Abstract:
An integrated circuit voltage regulator is of the kind having a pass transistor connected collector-to-emitter between the input V CC  conductor and the regulated-voltage output conductor, a current source circuit supplying a base bias current to the pass transistor and a voltage reference and feedback regulator circuit connected between the output voltage conductor and the base of the pass transistor. A protective circuit against high voltage transients adding to V CC  voltage comprises a transistor connected collector-to-emitter between the pass-transistor base and ground has a resistor paralleling the base-emitter junction, which resistor is resistively coupled to the input V CC  line to shunt away the pass-transistor bias current whenever the V CC  voltage level exceeds a value just under the latch-back breakdown voltage of the pass transistor. A zener diode directly connected across the DC input voltage conduction renders the regulator even more tolerant of high voltage transients.

Description:
BACKGROUND OF THE INVENTION 
     This invention relates to DC voltage regulators including a voltage-reference circuit and more particularly to such a regulator that further includes a means for preventing damage to the regulator from high transient voltages that may superimpose on the DC supply voltage. 
     A prior art voltage regulator circuit is shown in FIG. 1. It is formed in an integrated silicon circuit chip 10 having a ground terminal 12 and a DC supply voltage terminal 14 to which a DC voltage, +V cc , may be applied. A regulated voltage, V REG , is provided at output conductor 16 to which a load (not shown) may be connected. 

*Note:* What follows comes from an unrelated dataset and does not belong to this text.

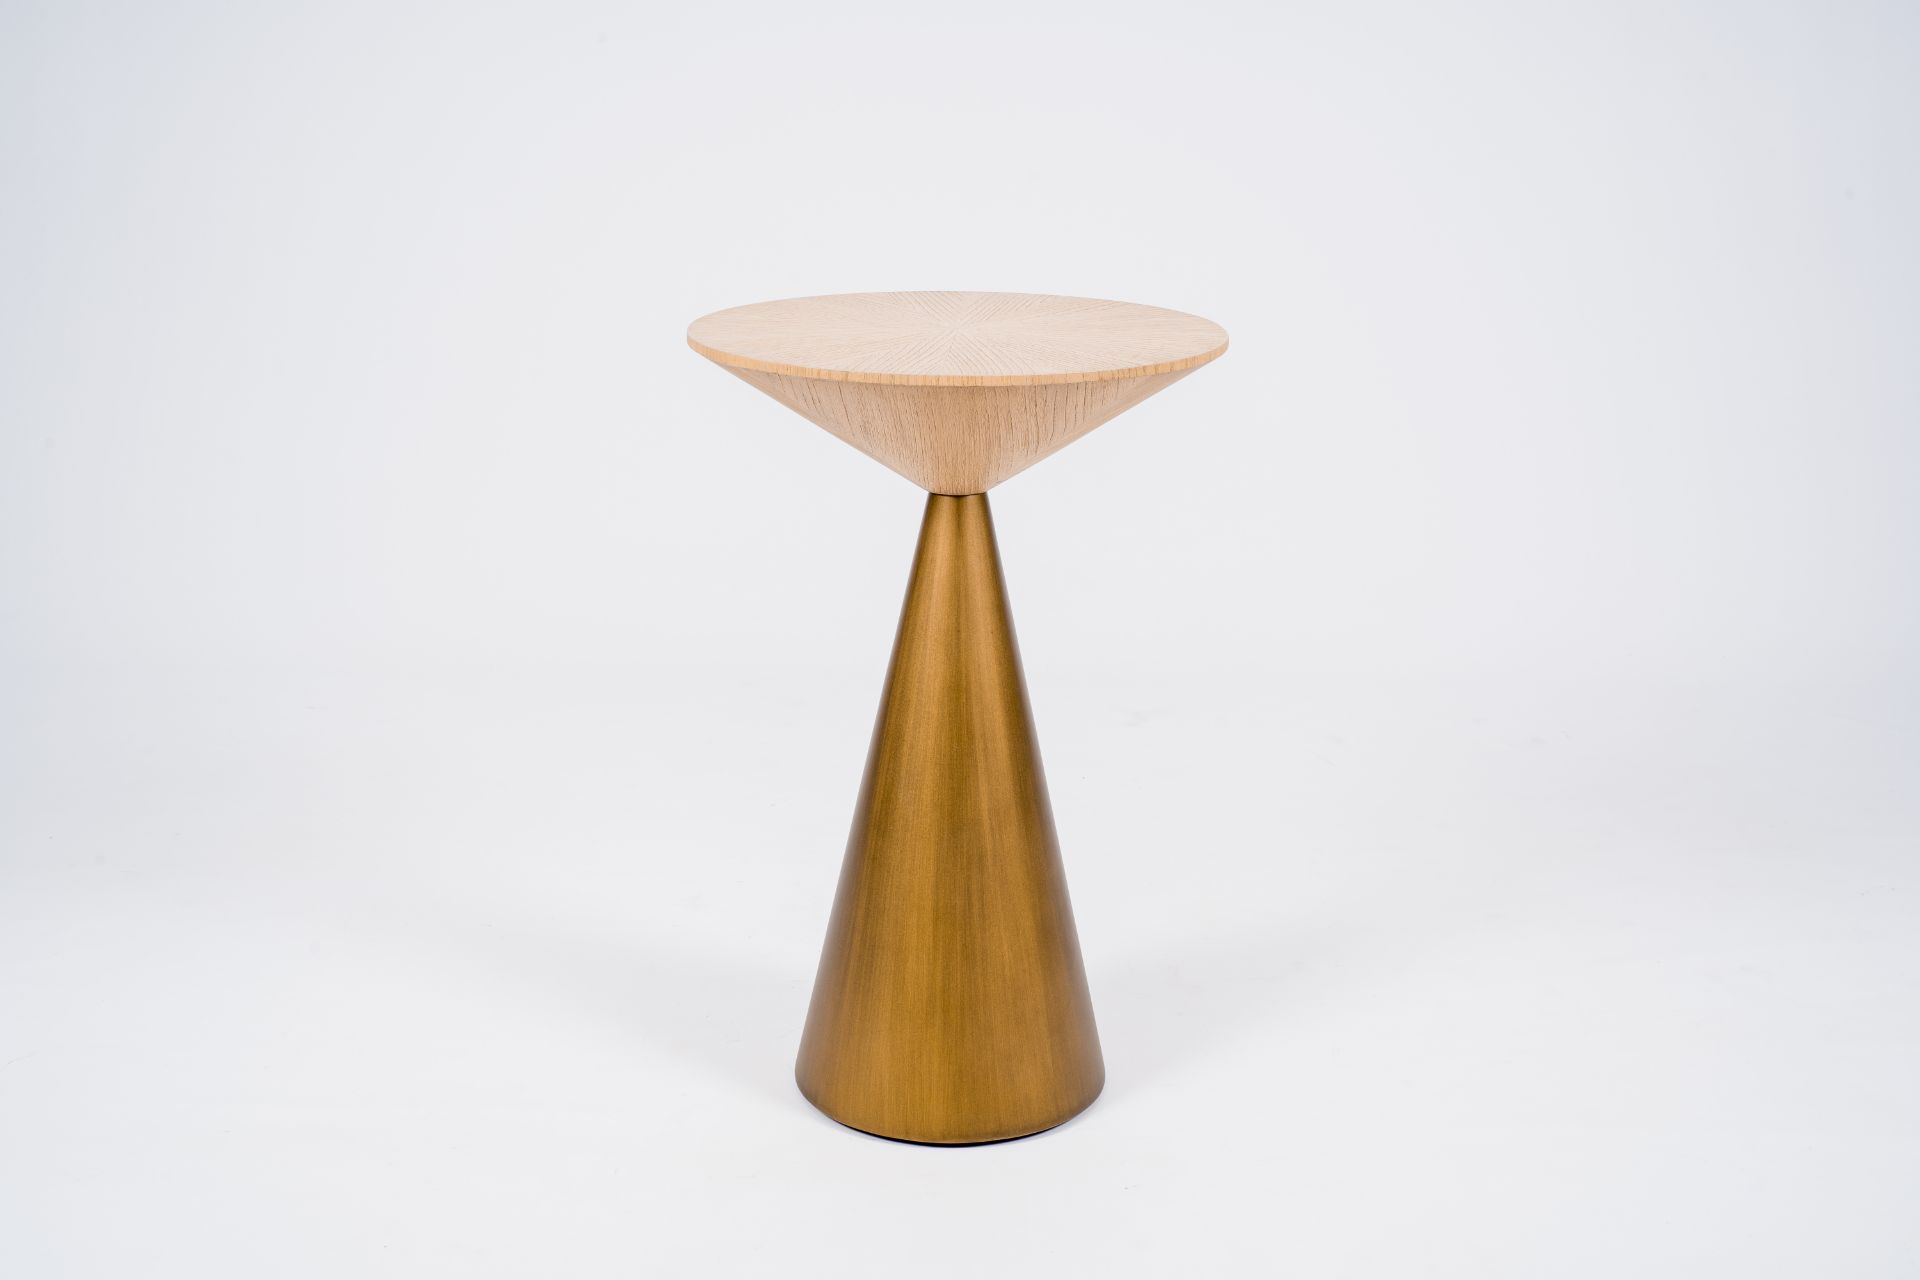 Olivier De Schrijver (1958): A partly gold-coloured solid wood Lily table, ed. 4/60, 21st C.

     This circuit includes a constant current source circuit 20 made up of transistors 21, 22 and 23 plus resistors 24 and 25. Also included is a current mirror circuit 27 consisting of transistors 28 and 29. The constant current 19 provided by the constant source current 20 is mirrored through current mirror 27 to provide a bias current 31 that serves as base bias for transistor 30. The series regulating pass transistor 30 drops the voltage from V cc  to V reg . 

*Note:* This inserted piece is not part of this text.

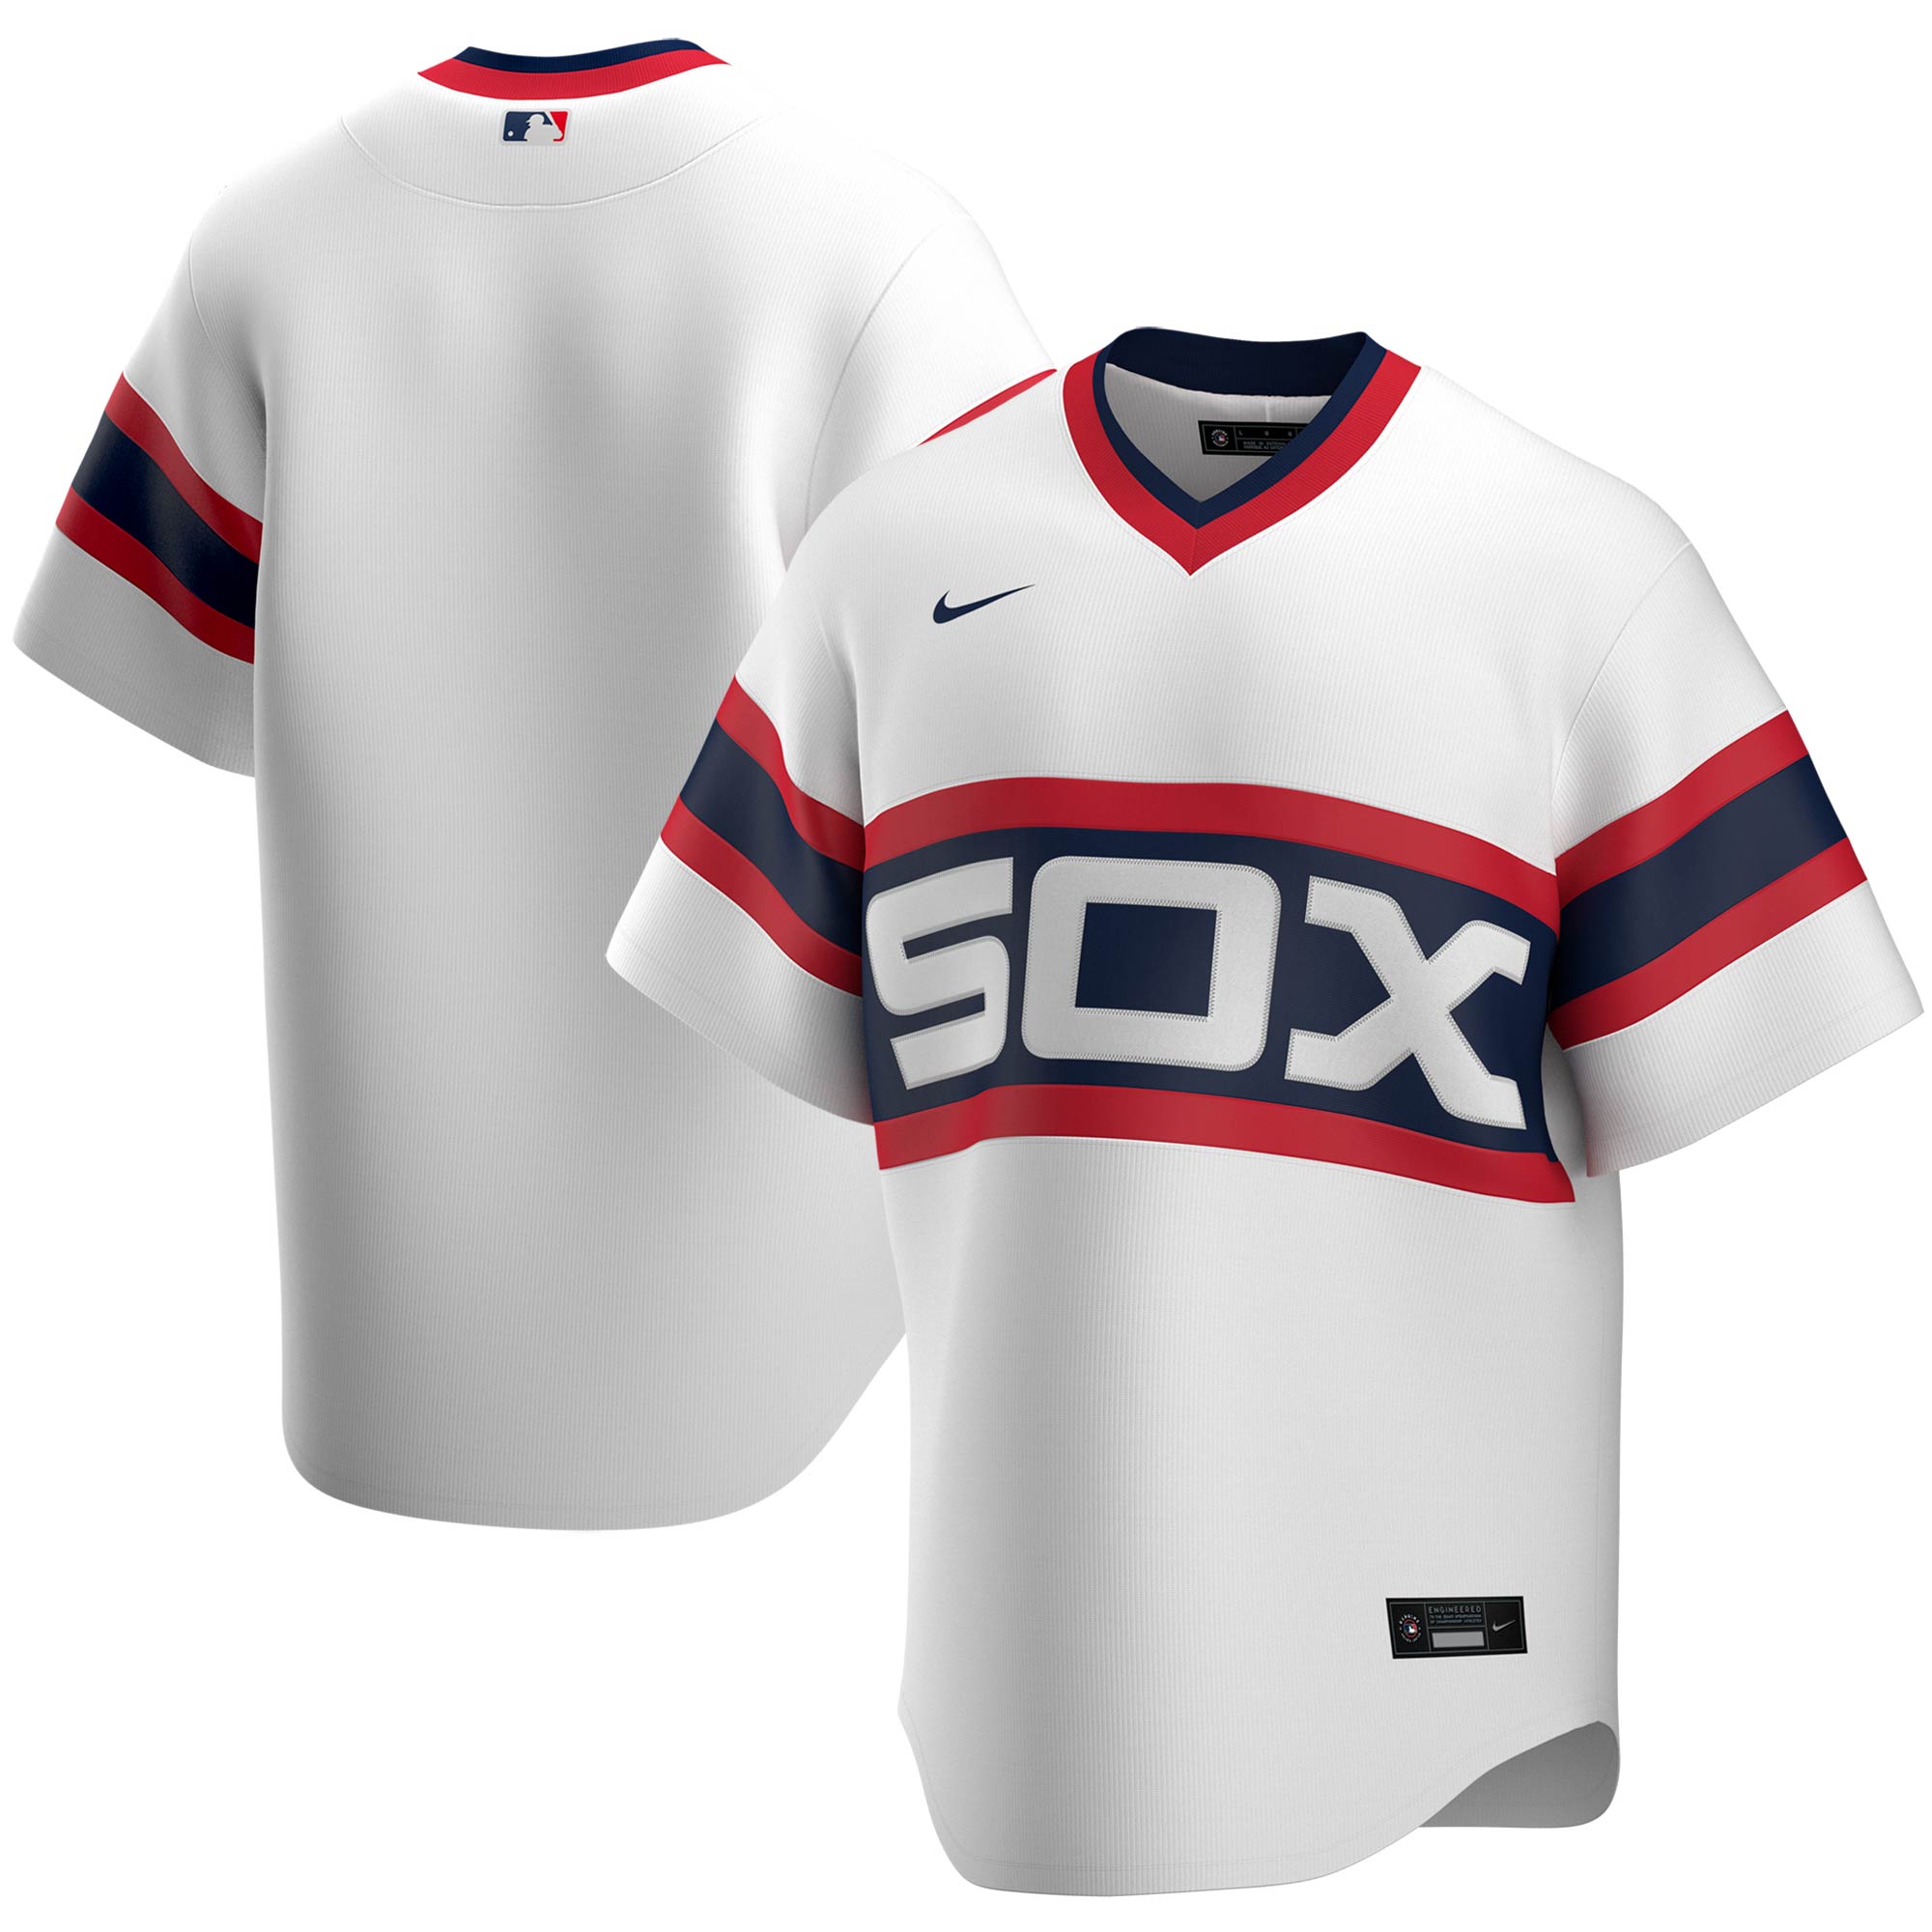 Chicago White Sox 1959 Home Replica Jersey by Nike | Grandstand Ltd.

     The band-gap regulator 32 senses the output voltage at conductor 16 and compares it to an internally generated constant voltage reference and diverts or sinks enough of current 30 to maintain the voltage at the desired level V reg  over wide ranges of load current and source voltage V cc . A first such circuit is described in the article &#34;New Developments in IC Voltage Regulators&#34;, IEEE Journal of Solid State Circuits, Vol. SC-4, pp. 2-7, February 1971, by R. J. Widlar. 
     There have been combined with these kinds of voltage regulator circuits a variety of protective circuits. For example, a zener clamp may be connected across the pass transistor to prevent reverse breakdown of that transistor. In that case, it will be necessary to place such a clamp across the load as well. Also, current limiting circuits have been added to limit the pass transistor current to a safe value. 
     It is an object of this invention to provide a simple voltage regulator circuit having a protective means for preventing damage to the regulator circuit resulting from large voltage transients superimposed on the supply voltage. 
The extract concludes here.